The JavaScript Web Audio API: Audio Processing and Synthesis
Overview
The JavaScript Web Audio API is a high-level browser API for processing and synthesising audio. Where the <audio> element plays back recorded files, the Web Audio API lets you build audio from scratch: synthesisers, drum machines, real-time effects chains, and visualisations.
The architecture is a directed graph of audio nodes. You connect a source node to processing nodes (gain, filters, effects) and finally to a destination (usually your speakers). Every node does one job, and chaining them together is what makes the API powerful.
The AudioContext
The AudioContext is the foundation. It represents the audio processing graph and owns all the nodes. Create one when you need audio:
const audioCtx = new AudioContext();
Modern browsers suspend the audio context automatically to comply with autoplay policies. Until the user clicks, taps, or presses a key, the context stays in a "suspended" state and produces no sound. Always check the state and resume explicitly inside a user-gesture handler:
const audioCtx = new AudioContext();
if (audioCtx.state === "suspended") {
audioCtx.resume();
}
Once the context is running, you can load audio from a URL, decode it into a buffer, and play it through a source node. This is the most direct way to get audio into the graph and the starting point for most playback workflows.
Playing a sound file
Load and play an audio file through a buffer source. The fetch call grabs the raw bytes, decodeAudioData converts them into a playable AudioBuffer, and createBufferSource wraps that buffer into a node you can connect:
async function playSound(url) {
const response = await fetch(url);
const arrayBuffer = await response.arrayBuffer();
const audioBuffer = await audioCtx.decodeAudioData(arrayBuffer);
const source = audioCtx.createBufferSource();
source.buffer = audioBuffer;
source.connect(audioCtx.destination);
source.start(0);
}
The AudioBufferSourceNode plays back the decoded audio. Once started, you can’t restart it; create a new source node for each playback. This one-shot design keeps the API predictable: each source node represents a single play-through of its buffer, and you create a fresh one every time you need to hear the sound again.

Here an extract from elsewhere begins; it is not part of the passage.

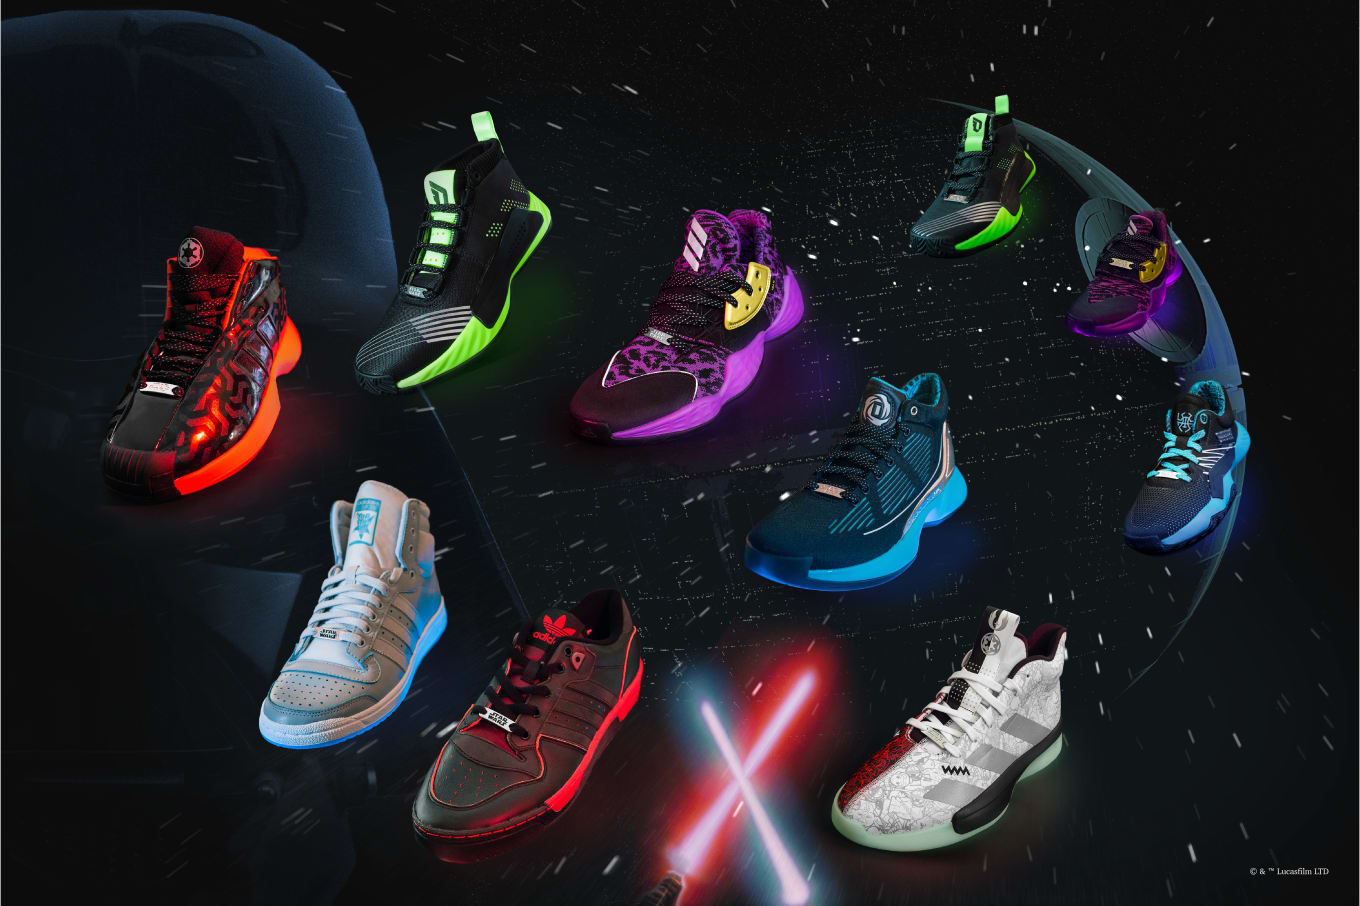 star wars x adidas pro next 2019

Creating sound with oscillators
The OscillatorNode generates a tone at a specific frequency. It is the building block of synthesis, useful for everything from simple beeps to layered synth patches. The type property selects the waveform shape, and the frequency AudioParam sets the pitch in hertz:
const osc = audioCtx.createOscillator();
osc.type = "sine"; // sine, square, sawtooth, triangle
osc.frequency.value = 440; // A4 in Hz
osc.connect(audioCtx.destination);
osc.start();
osc.stop(audioCtx.currentTime + 1); // stop after 1 second
The oscillator runs until you call stop(). Without stopping it, it plays forever, so always schedule a stop time. AudioParam methods let you schedule precise frequency changes ahead of time rather than setting values synchronously. The browser honours the schedule even if your main thread is busy, which prevents timing jitter during melodies and sweeps:
osc.frequency.setValueAtTime(440, audioCtx.currentTime); // at now
osc.frequency.setValueAtTime(880, audioCtx.currentTime + 0.5); // at +0.5s
osc.frequency.linearRampToValueAtTime(1760, audioCtx.currentTime + 1); // glide
Controlling volume with GainNode
GainNode controls volume. Its gain parameter is an AudioParam, so you do not set it directly; you schedule values on it. This lets you create smooth fades, envelopes, and ducking effects without writing your own ramp logic. The scheduling API is the same AudioParam interface you used with oscillator frequency:
const gain = audioCtx.createGain();
gain.gain.setValueAtTime(0, audioCtx.currentTime);
gain.gain.linearRampToValueAtTime(1, audioCtx.currentTime + 0.1); // fade in
gain.gain.setValueAtTime(1, audioCtx.currentTime + 2);
gain.gain.linearRampToValueAtTime(0, audioCtx.currentTime + 3); // fade out
With the gain envelope defined, the next step is placing the GainNode in the signal chain. Connect the oscillator into the gain node, then the gain node into the destination. The order matters: the oscillator produces the raw signal, the gain scales it, and the destination sends it to the speakers:
osc.connect(gain);
gain.connect(audioCtx.destination);
The audio graph
Audio flows through a graph of connected nodes. A practical setup combines an oscillator, a gain node for volume control, and an analyser for visual feedback. The connect() calls define the signal path, and data flows from left to right through each node in the chain:
const osc = audioCtx.createOscillator();
const gain = audioCtx.createGain();
const analyser = audioCtx.createAnalyser();
osc.connect(gain);
gain.connect(analyser);
analyser.connect(audioCtx.destination);
osc.start();
Multiple oscillators can feed into a single gain. A mixer is just several sources connected to one gain node. This is how you layer synth voices or blend a backing track with live input before the signal reaches the speakers.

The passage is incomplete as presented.